I am writing a parser that will parse a simple functional toy language.
I'm having tough time with operator precedence and associativity of morphism, product and coproduct operators.

My toy language looks a tiny bit like Haskell. Example for context:

let point: (int, int) = (0, 0)         // product
let either: (int | str) = "hello"      // coproduct
let increment: int -> int = a -> a + 1 // morphism

In parsing types, I have a hard time deciding if the binary infix morphism operator -> should be right or left associative. The binary infix functional composition operator . is right associative if I'm not mistaken; maybe it's the same with this operator too?

Should int -> int -> int be parsed as (int -> int) -> int or int -> (int -> int)?

What is the precedence of this operator in relation with the binary infix product and coproduct operators (,, |)?

Right now I have the following priorities (from highest to lowest):

• morphism
• product
• coproduct

This means that in absence of round grouping parenthesis (...) the language behaves as follows:

The product str, int -> int, str gets parsed as str, (int -> int), str.
The coproduct int | str -> int | str has the same effect int | (str -> int) | str.
And str, int -> int | int gets parsed as (str, (int -> int) | int).

Is that correct or am I doing something wrong?

Reasons why this is a valid question

I apologise but I'm avoiding getting flagged when this is a good question because:

1. I could not find resources that explain how these three operators are related to each other, in which way, precedence and associativity.
2. I can't split the question in smaller questions because a change in the general behaviour of one of those things will affect the others significantly.
3. This is a programming related question since it is about abstract syntax tree generation of a programming language.
4. I haven't found similar questions regarding these operators in here (maybe I'm using the wrong keywords).
5. Other people might stumble upon the same problem when making a parser.
6. It doesn't look like it's opinion based to me.
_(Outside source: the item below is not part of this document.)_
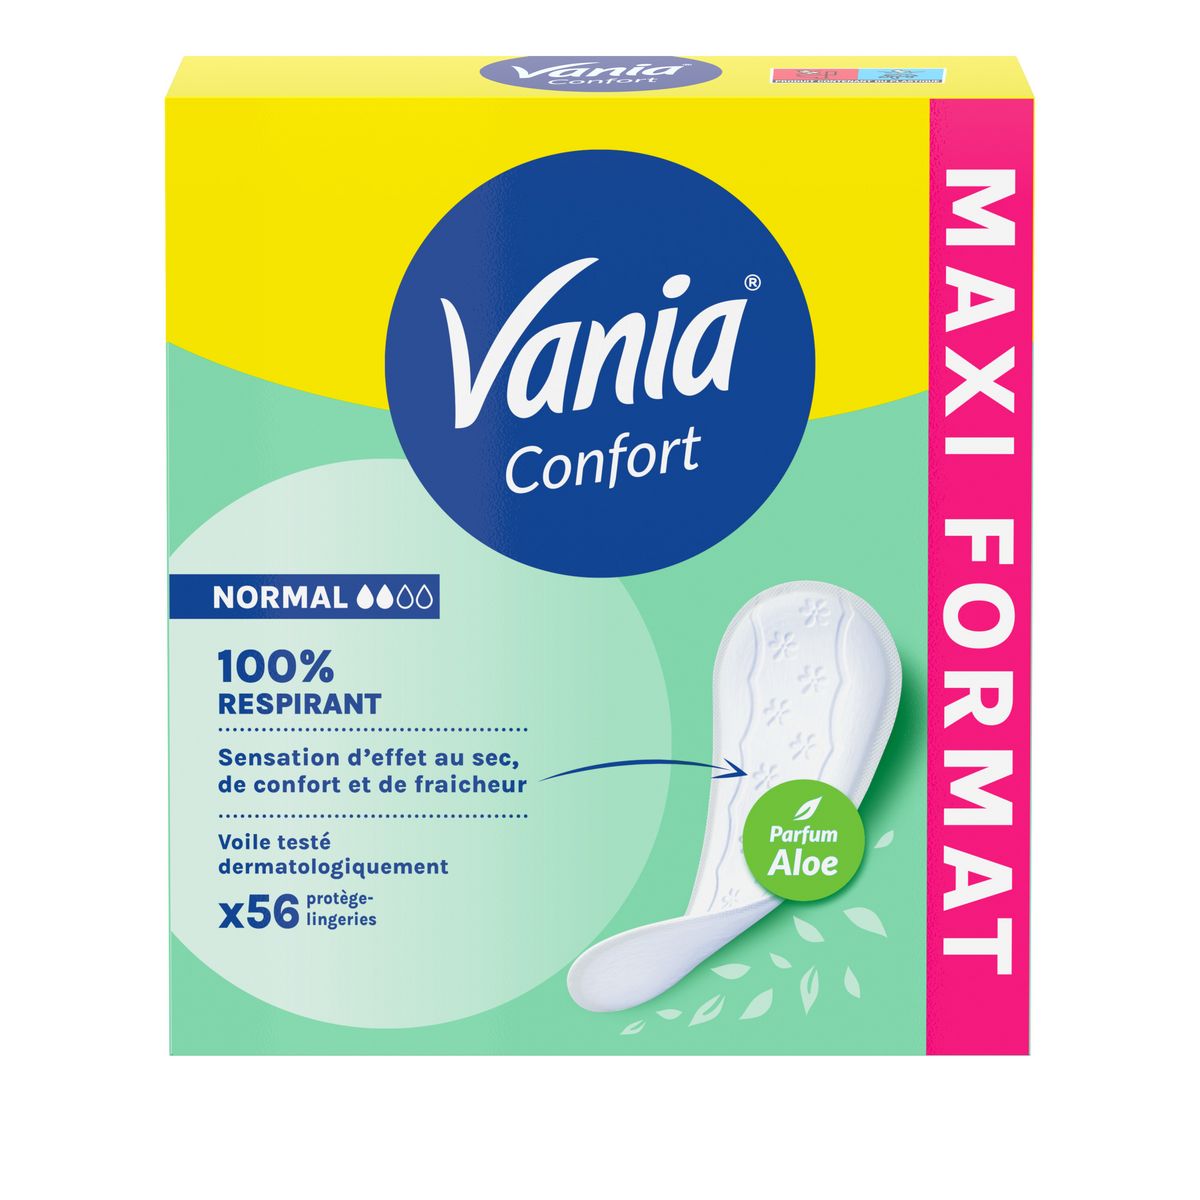 VANIA Confort Protège lingeries normal parfum aloe 56 protège-lingeries

So please consider leaving a comment to tell me how I should improve the question.

Answer 1

There is a good reason for associativity rules in Haskell. They follow the idea of the currying adjunction. A function of two arguments is isomorphic to a function returning a function. So (a, b) -> c is curried to a -> (b -> c). This is why a->b->c is interpreted as a function returning a function and not (a->b)->c, which would be a function taking a function as an argument. Conversely, for function application we parse f g h as f taking two arguments f and g. So function application is left associative, (f g) h: f acting on g produces a function that subsequently acts on h. As for products and coproducts, they are just treated like multiplication and addition with the usual precedence rules. Incidentally, a->b corresponds to the exponential b to the power of a, which also makes sense as far as associativity goes.